Lecture 44 Biology of Fracture Healing Flashcards
What are the four phases of skeletal development?
- Migration (of preskeletal cells to sites of future skeltogenesis)
- Epithelial- mesenchymal interaction
- condensation (of mesenchymal cells)
- Differentiation (into odontoblasts and chondrocytes)
What are the two types of bone formation?
- Endochondral bone formation
- Intramembranous Bone Formation
What is endochondral bone formation?
- Indirect (mesenchyme forms cartilage template first which is later replaced by bone)
- occurs in most bones in the skeleton esp. bones that bear weight and have joints
- also occurs during fracture repair
What is intramembranous bone formation?
- direct transformation of mesenchymal cells to osteoblasts (no cartilage intermediate)
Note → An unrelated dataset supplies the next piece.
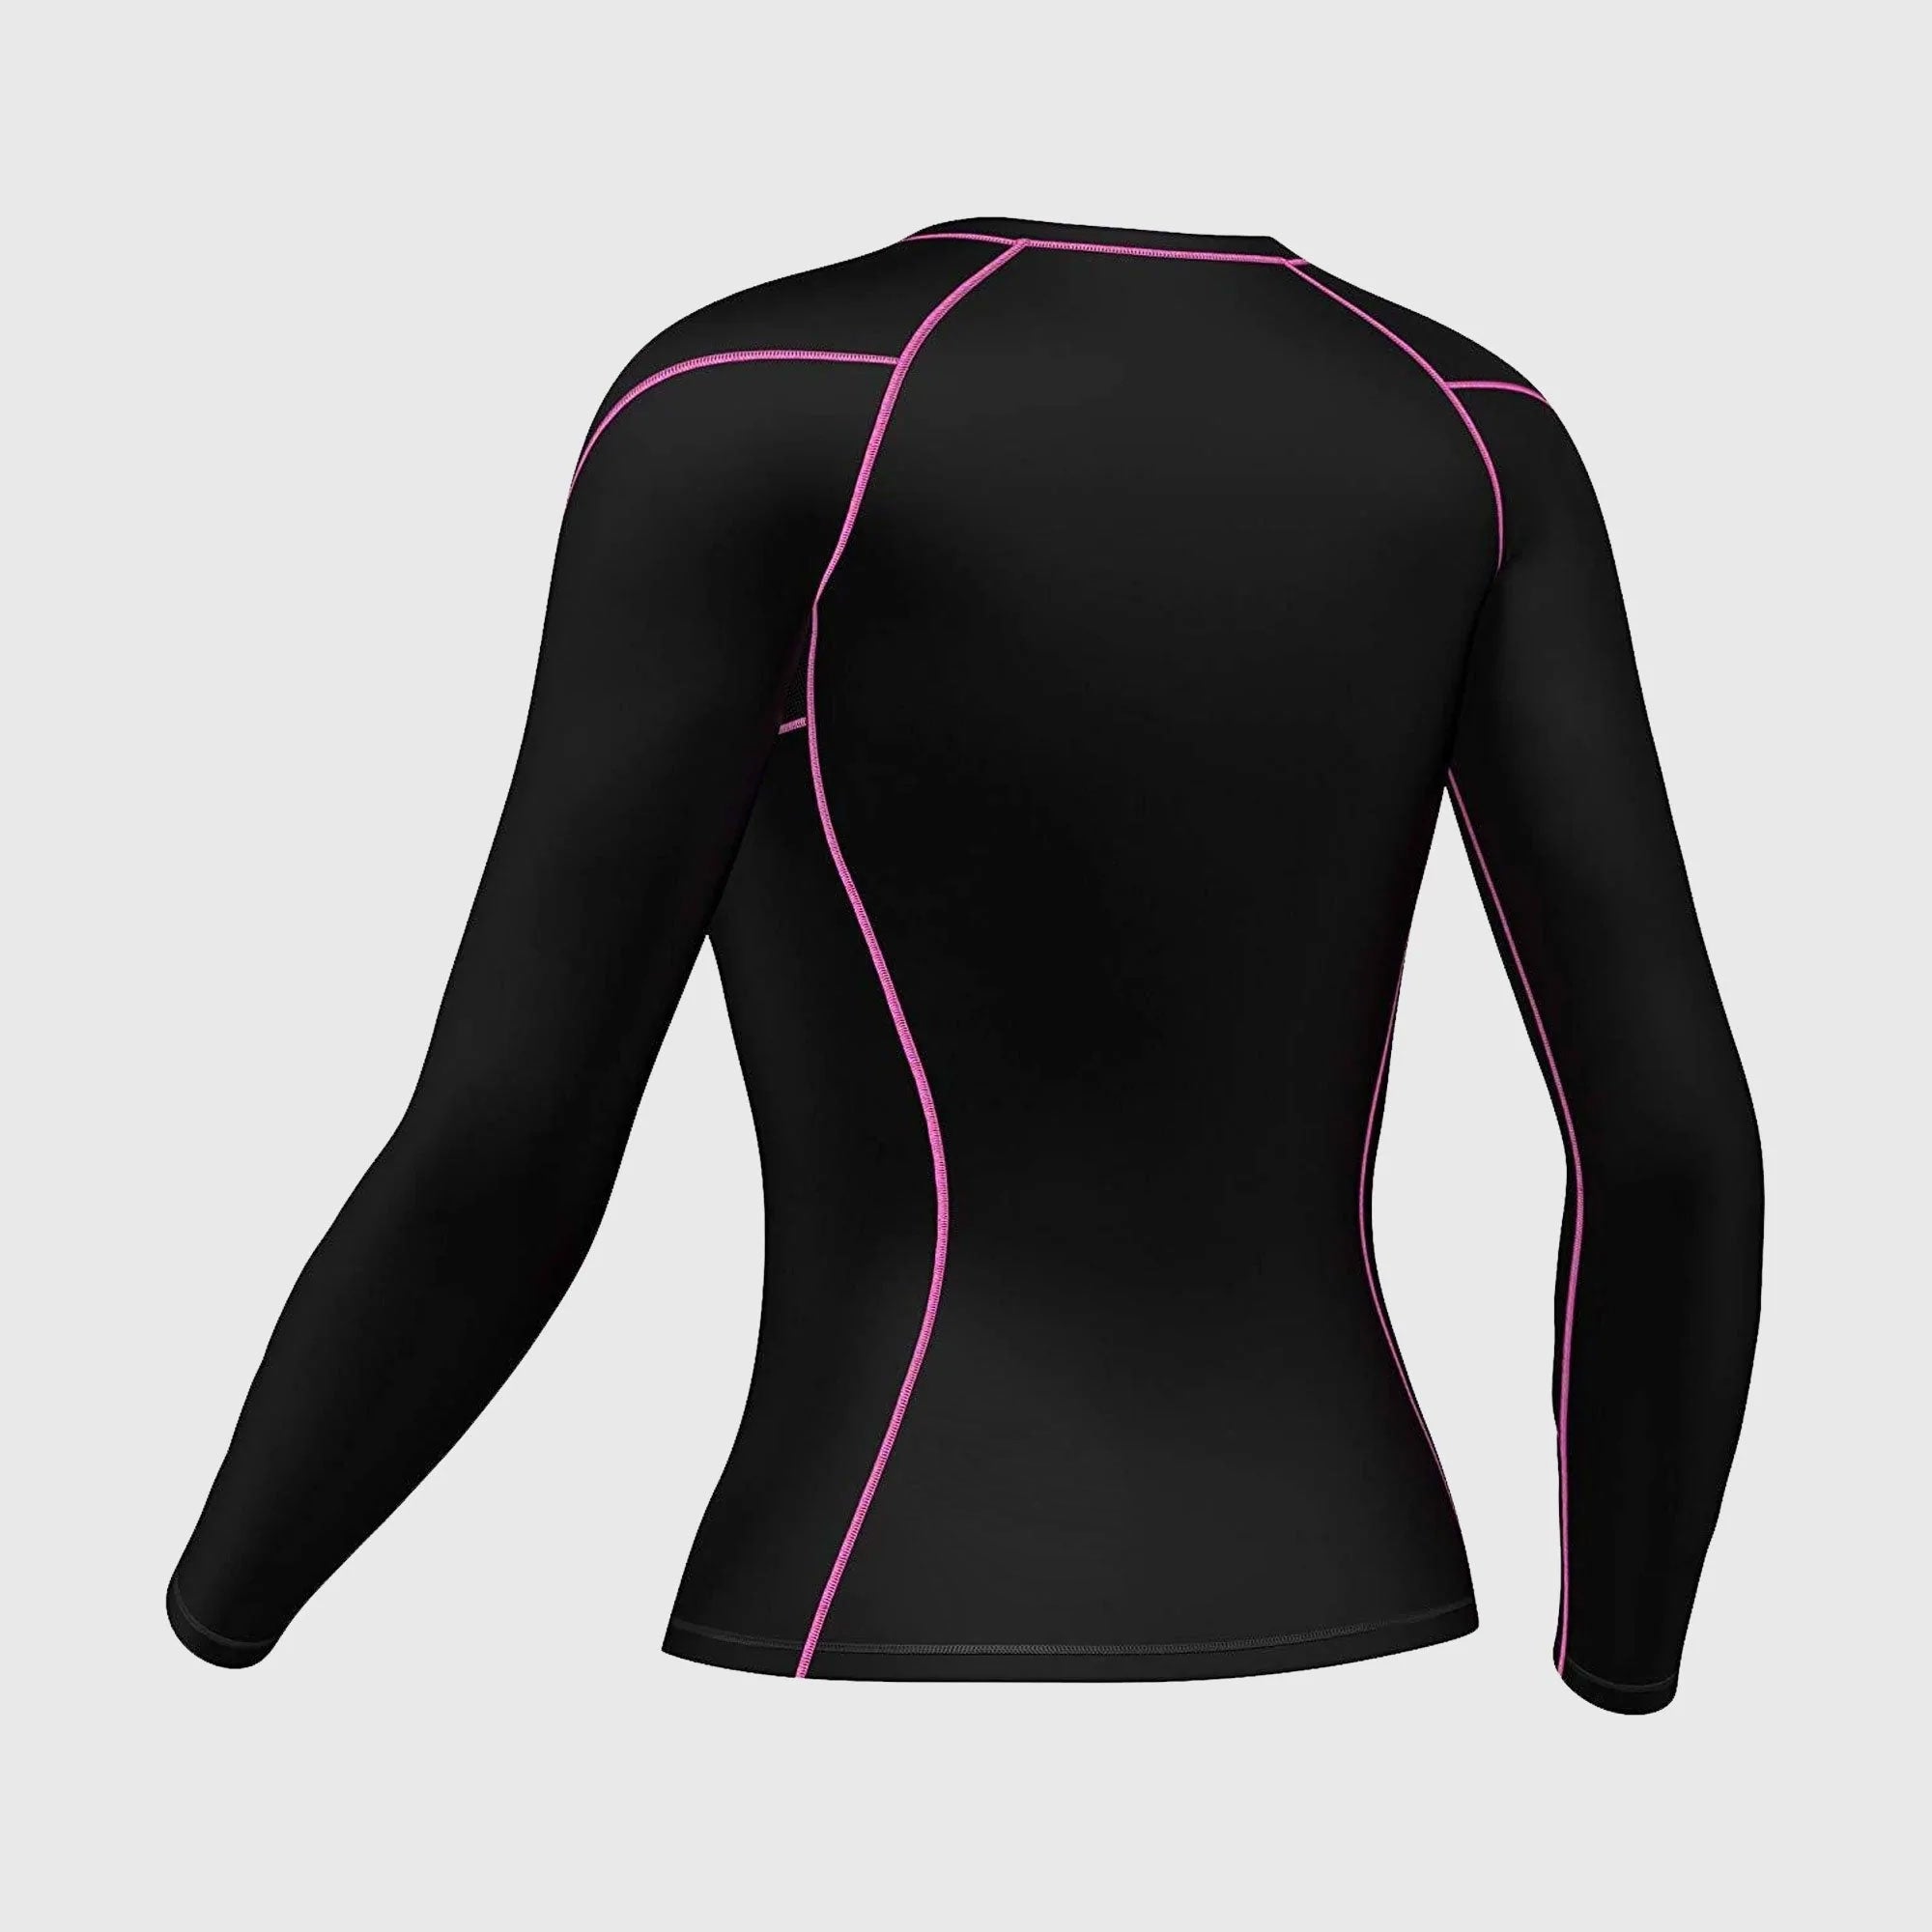 Fdx Monarch Women's Base Layer Compression Shirt Pink

- restricted to cranial vault, some facial bones, parts of the mandible and clavicle
- contributes to fracture repair
When do secondary ossification centers appear?
- around the time of birth
What produces VEGF and what does it do?
- hypertrophic chondrocytes
- attracts blood vessels that invade the cartilage model
When does growth plate fusion occur?
- around age 14-20 in humans
How do the flat bones of the skull form?
- intramembranous bone formation
What is the process of intramembranous bone formation?
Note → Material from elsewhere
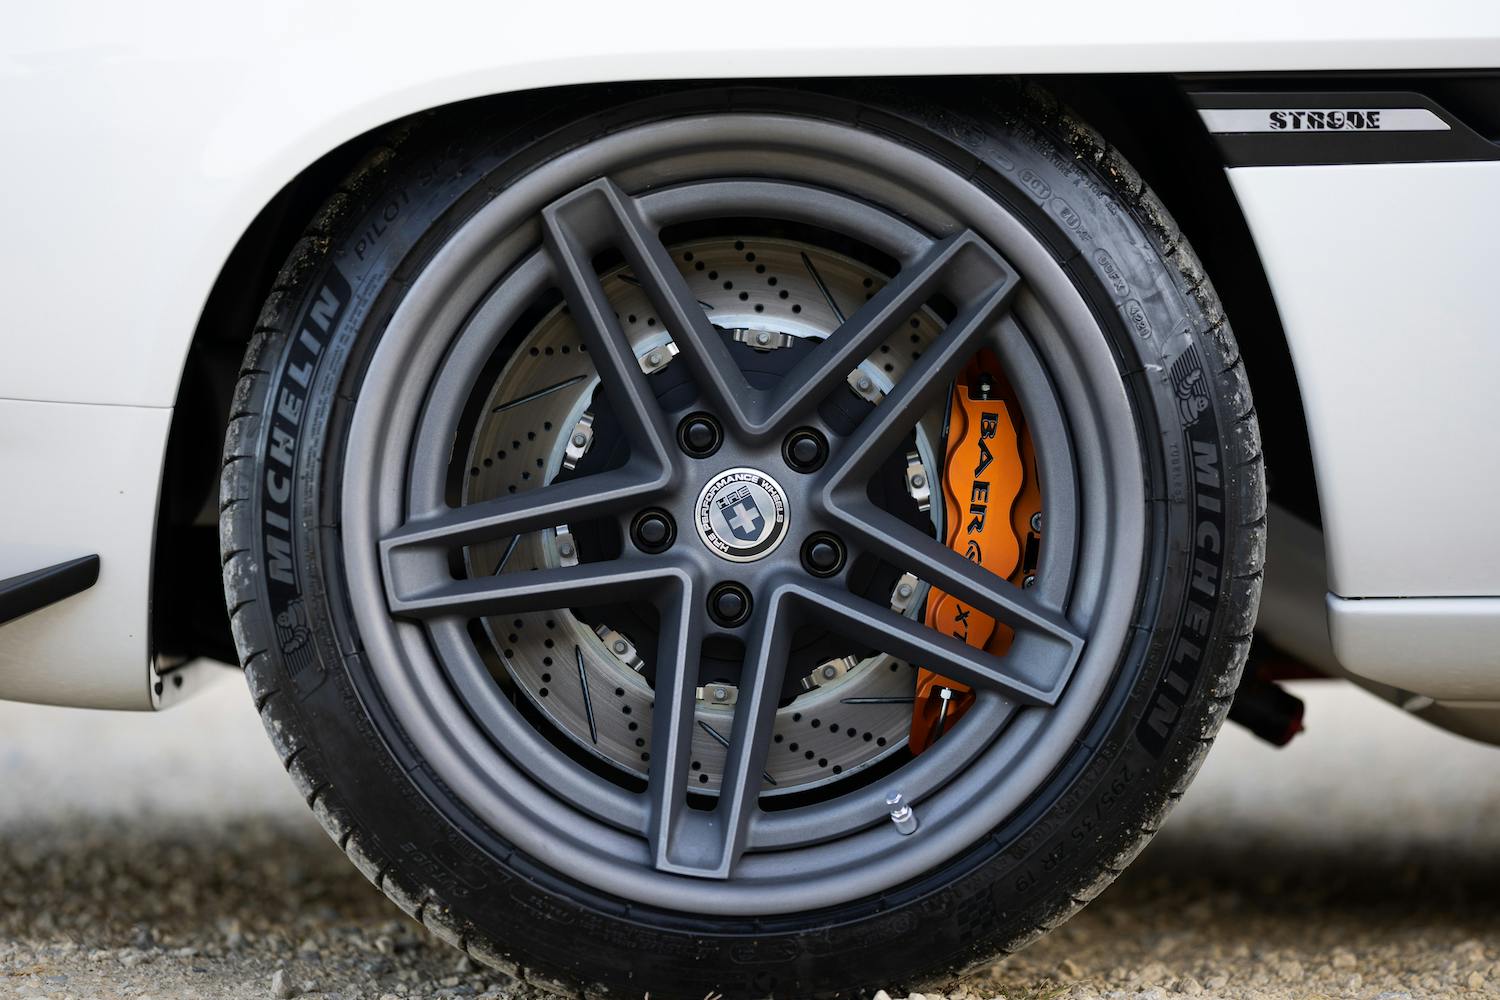 Strode 1969 Chevy Camaro wheel tire brakes

- mesenchymal cells condense to produce osteoblasts which deposit osteoid (unmineralized) bone matrix
- osteoid matrix calcifies/osteoblasts become arrangled along calcified region of the matrix
- some osteoblasts trapped in bone matrix- become osteocytes
- NO CARTILAGE MODEL PRECEDING THE BONE
What is the immature bone that is produced first?
- woven bone aka primary bone (immature)
Woven bone is produced when osteoblasts need to form bone rapidly in situations like:
- embryonic development
- fracture healing
- disease states (paget’s disease)
What is immature woven bone remodeled and replaced with?
- Lamellar bone (aka secondary bone) (mature)
What are the features of woven bone?
- disorganized structure
- collagen fibrils in random orientation (lower birefringence w/polarized light)
- increased cell density
- reduced mineral content
What are the features of lamellar bone?
- highly organized
- bone lamellae concentrically arranged around central canal containing blood vessels and nerves
- collagen fibrils in parallel orientation (more birefringence w/polarized light)
- mechanically stronger
What can lamellar bone be further classified into?
- Compact
(cortical/haversian) - cancellous (spongy/trabecular)
What type of bone is the bone marrow located in?
- cancellous bone
What is skeletal healing essential for?
- resolution of orthopedic trauma that has caused fractures
- healing of corrective surgeries where bony injuries are created intentionally to correct bone deformities
- bone regeneration in oral surgical procedures/tooth extractions
Fracture healing requires coordinated activity of several cell types:
- inflammatory cells
- chondroprogenitors/chondrocytes
- osteoprogenitors
- osteoclasts
- vascular cells
What is the timeline of the inflammatory phase?
- peaks at 48 hrs and is diminished by 1 week
What is the timeline of the reparative phase?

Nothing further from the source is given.